Background: Existing 3D mesh texturing methods (e.g., TEXTure, SyncMVD, Paint3D, TEXGen) predominantly rely on text-to-image diffusion models, generating textures by rendering multi-view images and back-projecting them into UV space. These methods perform well on externally visible surfaces.

Limitations of Prior Work: Existing methods are fundamentally limited to surfaces visible from external viewpoints. For occluded interior surfaces—such as building interiors, car dashboards, or tent inner walls—they either leave these regions untextured or apply heuristic approaches such as Voronoi filling, resulting in low-quality interior textures with visible seams and color inconsistencies.

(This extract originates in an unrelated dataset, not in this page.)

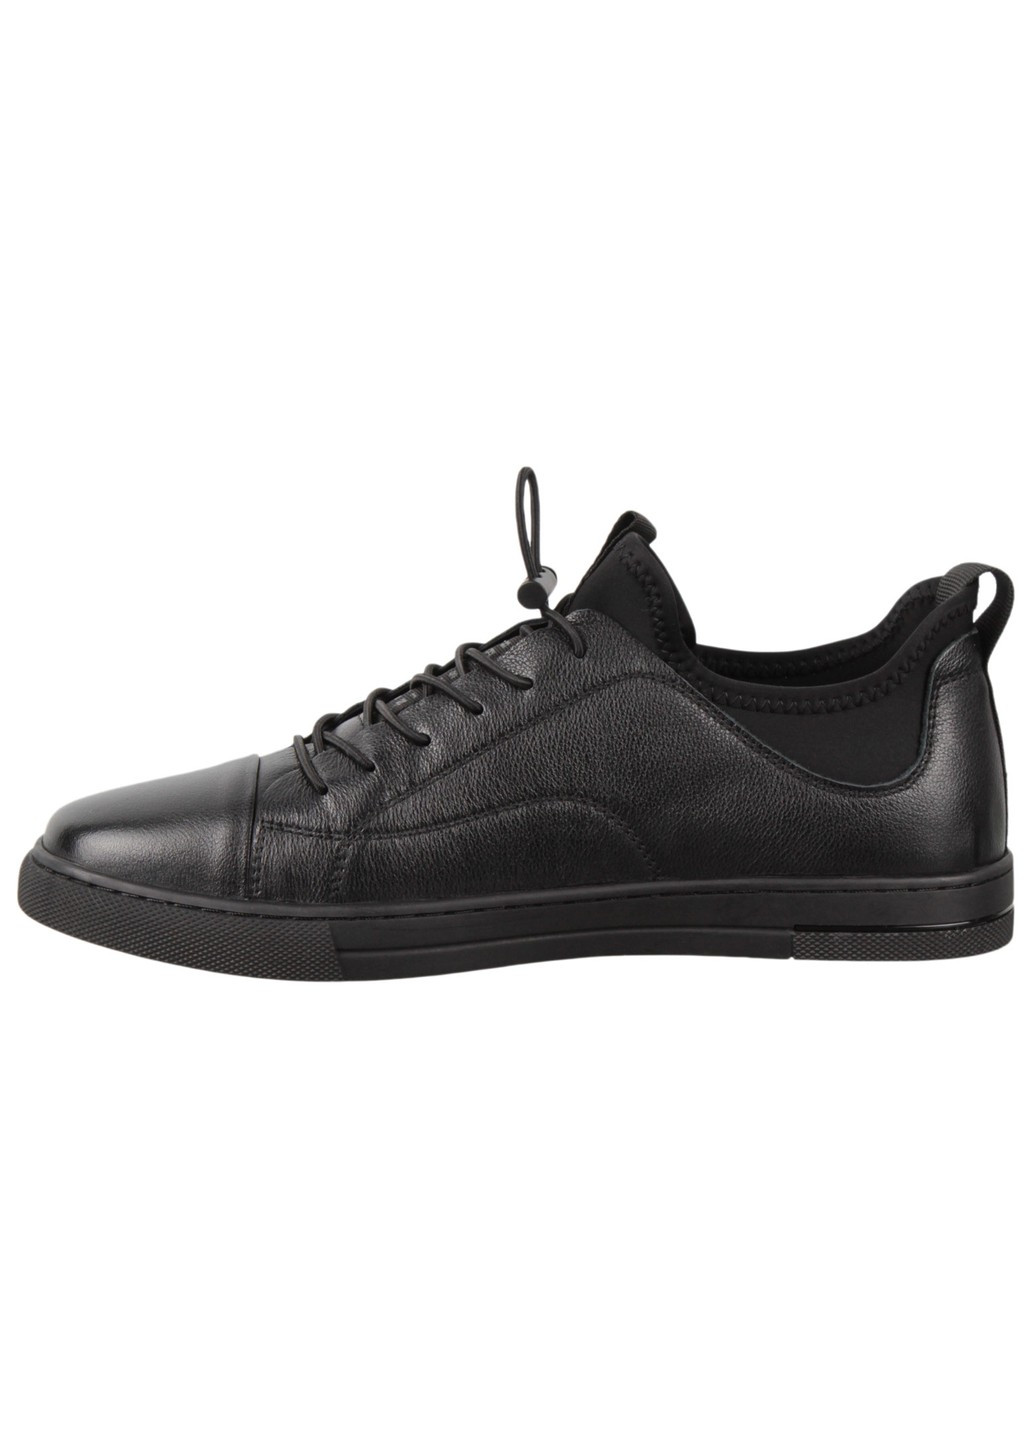 Черные демисезонные мужские кроссовки 198803 Buts

Key Challenge: The multi-view render-and-back-project paradigm inherently lacks access to occluded geometry, while UV-space inpainting approaches lack geometric context, making it difficult to generate semantically coherent interior textures.

Goal: (1) How to systematically identify and expose occluded interior surfaces? (2) How to preserve overall structural consistency when exposing interior geometry? (3) How to seamlessly blend textures generated independently across multiple layers?

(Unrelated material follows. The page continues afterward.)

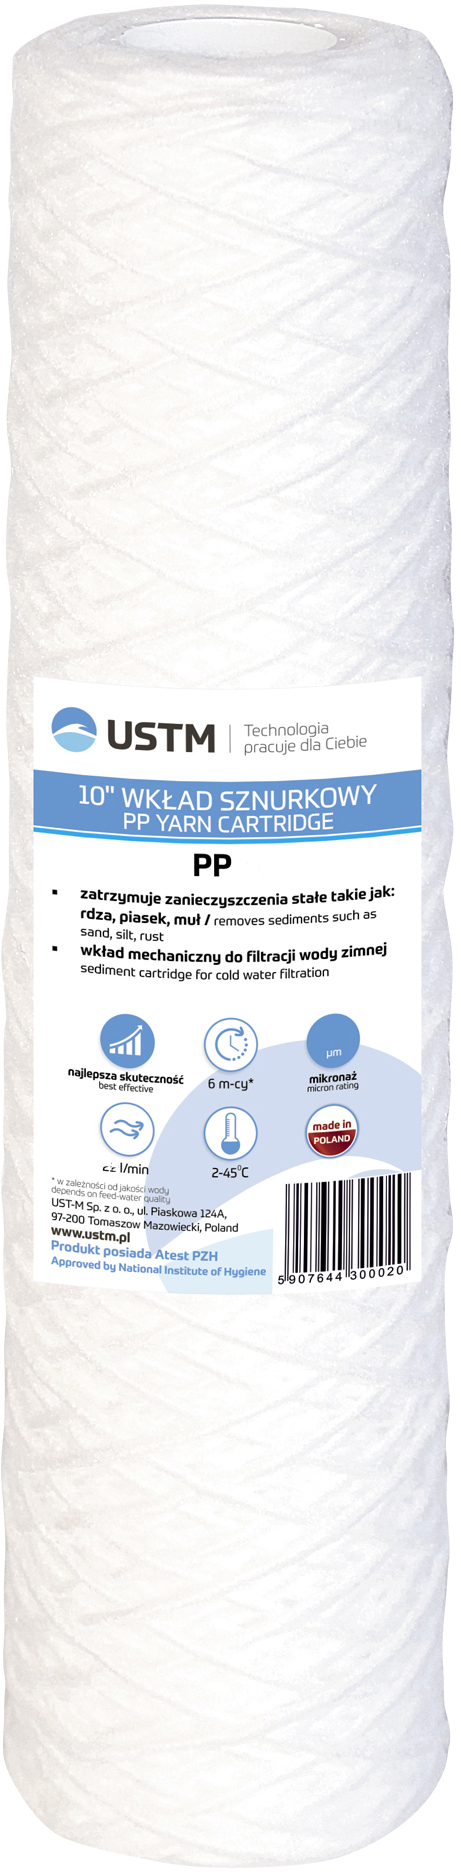 Картридж для фильтра USTM PP20 в интернет-магазине, главное фото

Key Insight: The mesh is treated as an onion-like layered structure. Ray casting is used to compute a "hit level" for each face, and texturing proceeds by exposing and processing layers from the outside in.

Core Idea: A ray-based occlusion-aware layering mechanism, combined with two-stage visibility control and weighted UV blending, enables unified high-quality texture generation for both interior and exterior surfaces.

Method¶

Overall Architecture¶

The input consists of an untextured 3D mesh and a text prompt. The pipeline proceeds in five stages: (1) Superface construction—aggregating fine-grained triangular faces into coherent regions; (2) Hit level assignment—assigning a visibility depth level to each superface via multi-view ray casting; (3) Visibility control—a two-stage strategy that progressively exposes interior geometry layer by layer; (4) Texture synthesis—generating textures for each layer using a depth-conditioned diffusion model; (5) UV blending—soft blending weighted by visibility confidence. The output is a complete UV texture map.

Key Designs¶

Superface Construction and Hit Level Assignment:
- Function: Aggregates large numbers of small triangular faces into low-curvature coherent superfaces, then assigns each superface a hit level representing its visibility depth.
- Mechanism: Xatlas is used to over-segment the mesh into superfaces. Rays are cast from multiple viewpoints, and the intersection order \(k\) for each ray–face pair is recorded. The influence weight of each ray is modulated by the cosine similarity between the ray direction and the face normal: \(W(f,k) = \sum_{r \in R_k(f)} \max(-n(f) \cdot d(r), 0)\). The final hit level of a superface is determined by the intersection order with the highest cumulative weight: \(H(SF_i) = \arg\max_k \sum_{f \in SF_i} W(f,k)\).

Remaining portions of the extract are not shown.